MRI Technician Career
A summary of the MRI Technician (Magnetic Resonance Imaging Technician) career field is provided here to aid in your career search.
MRI Technician Job Description: MRI Technicians are a subset of a broader Radiologic Technologist career category. MRI Technicians use Magnetic Resonance Imaging equipment to build a 2-D or 3-D map of different tissue types within the body. MRI uses non-ionizing radio frequency to generate the image contrast. The MRI images are used by doctors to assess and diagnose patients. MRI Technician duties also include preparing patients for the imaging scan and ensuring the equipment is operating properly.
MRI Technician Career Outlook: The MRI Technician career outlook is expected to be favorable. Job prospects are expected to be very good. Employment is expected to grow 17 percent from 2008 to 2018, which is faster than the average for all occupations. This growth will be driven largely by an aging population who with increased incidence of illness and injury often require diagnostic imaging for diagnosis. Job openings also will arise from the need to replace technicians who leave the occupation
MRI Technician Training: Training programs range in length from 1 to 4 years and lead to a certificate, an associate degree, or a bachelors degree. Two-year associate degree programs are common. The programs provide study in anatomy and physiology, patient care procedures, radiation physics, radiation protection, principles of imaging, medical terminology, positioning of patients, medical ethics, radiobiology, and pathology.

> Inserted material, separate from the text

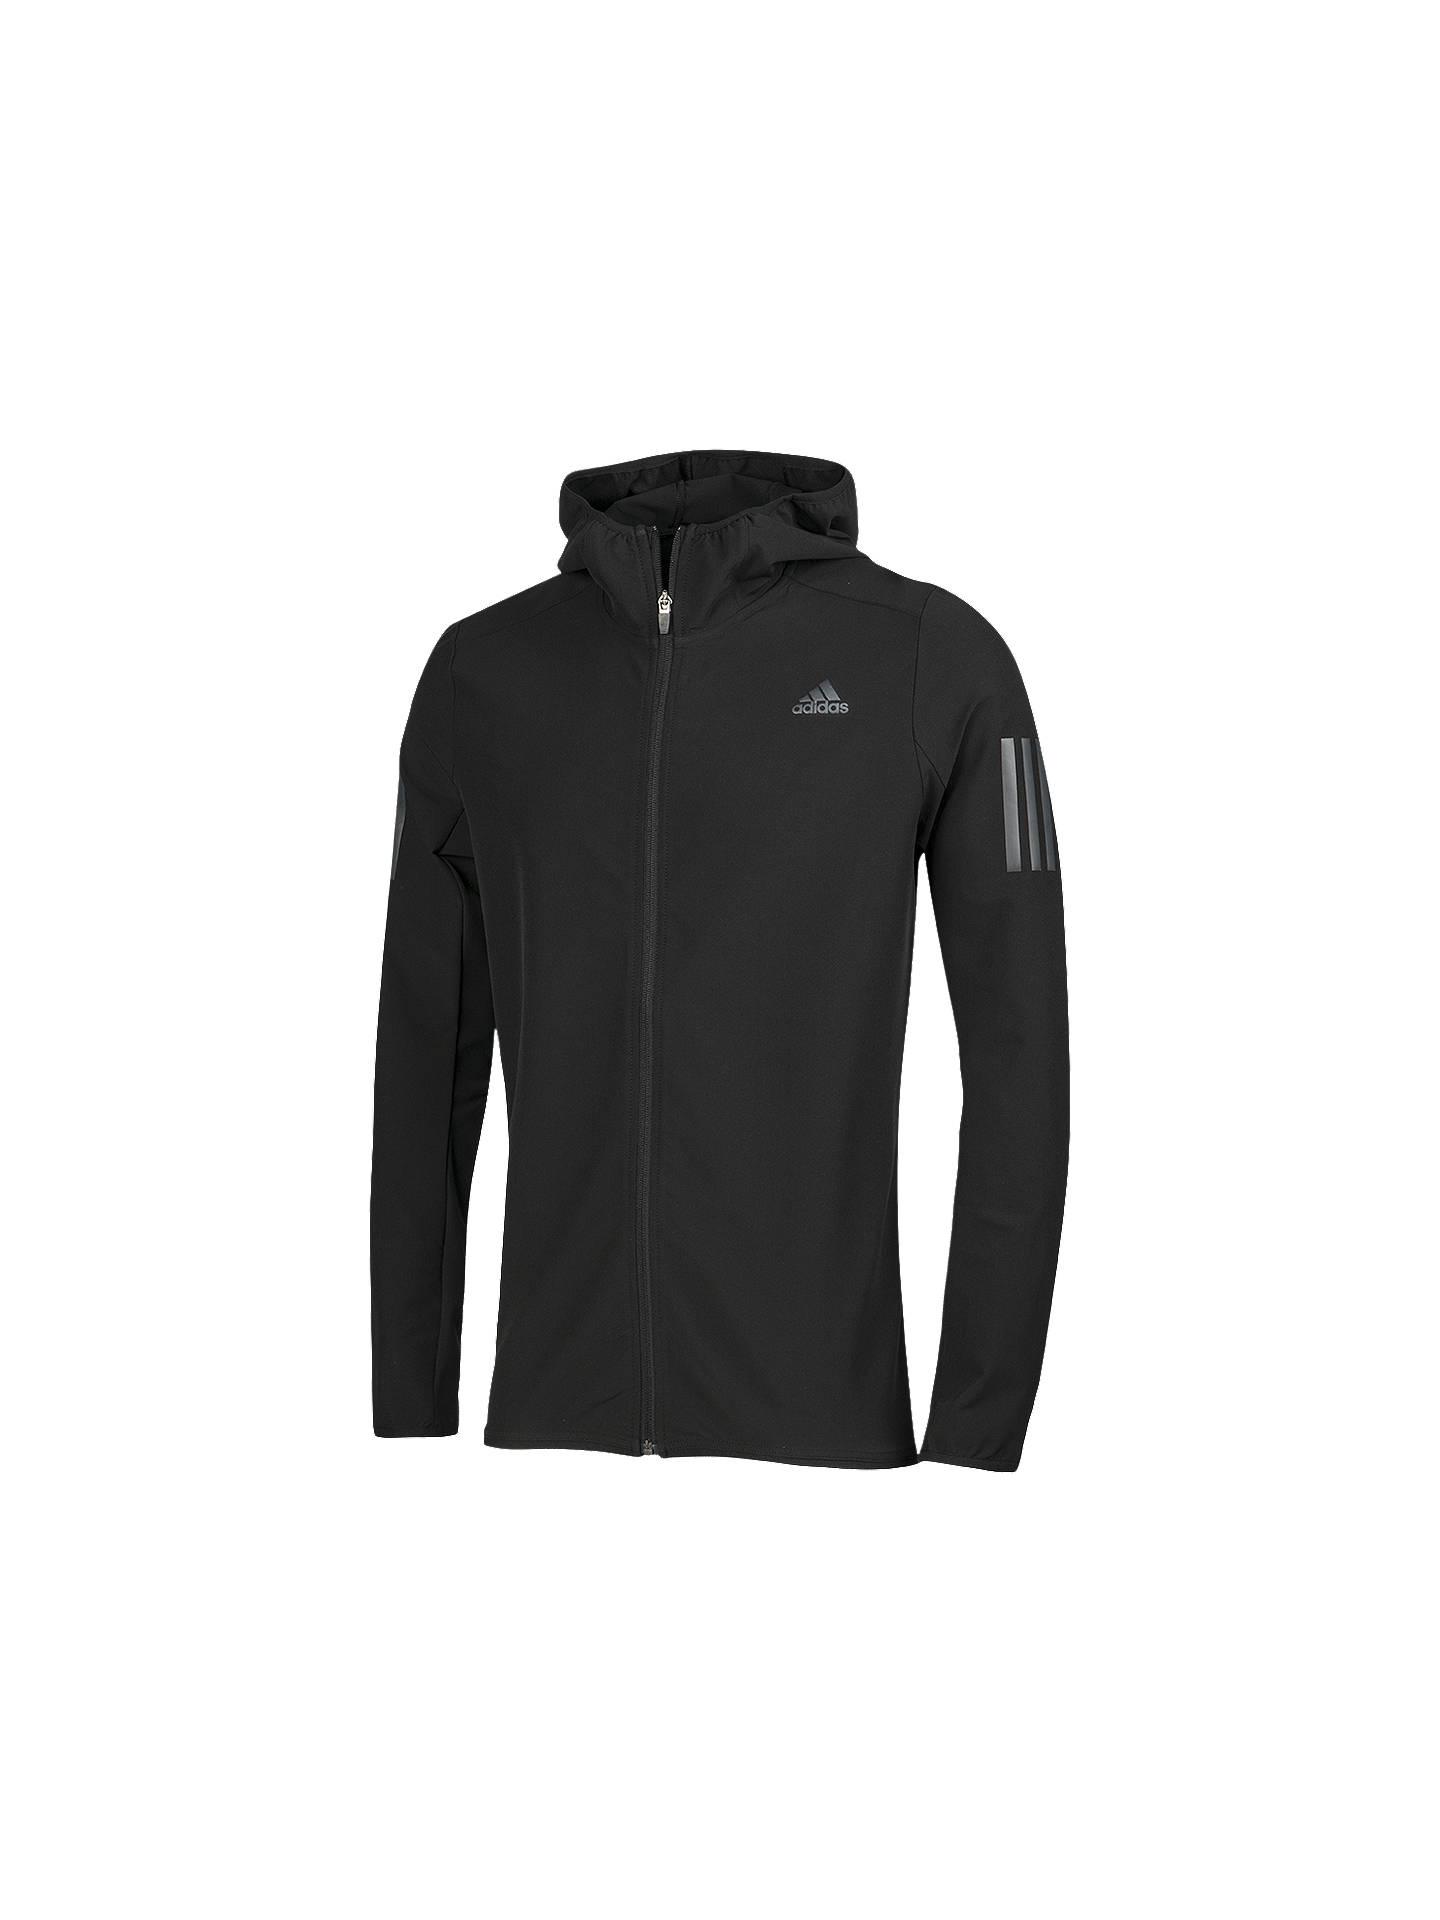 ebb1f9726 Buy adidas Response Shell Men's Running Jacket, Black, S Online at  johnlewis. ...

MRI Technician Salaries: Median
annual earnings of MRI Technicians were about $52,000 in May 2008.
The lowest 10 percent earned less than about $35,000 and the highest 10
percent earned more than about $75,000.
MRI Technician Jobs: Radiologic technologists (of which MRI Technicians are a subset) held about 214,700 jobs in 2008. About 61 percent of all jobs were in hospitals. Most other jobs were in offices of physicians; medical and diagnostic laboratories, including diagnostic imaging centers; and outpatient care centers.
Summarized from:(1) Bureau of Labor Statistics, U.S. Department of Labor, Occupational Outlook Handbook,
2010-11 Edition, Radiologic Technologists and Technicians
(2) "Radiologic technologist." Wikipedia, The Free Encyclopedia.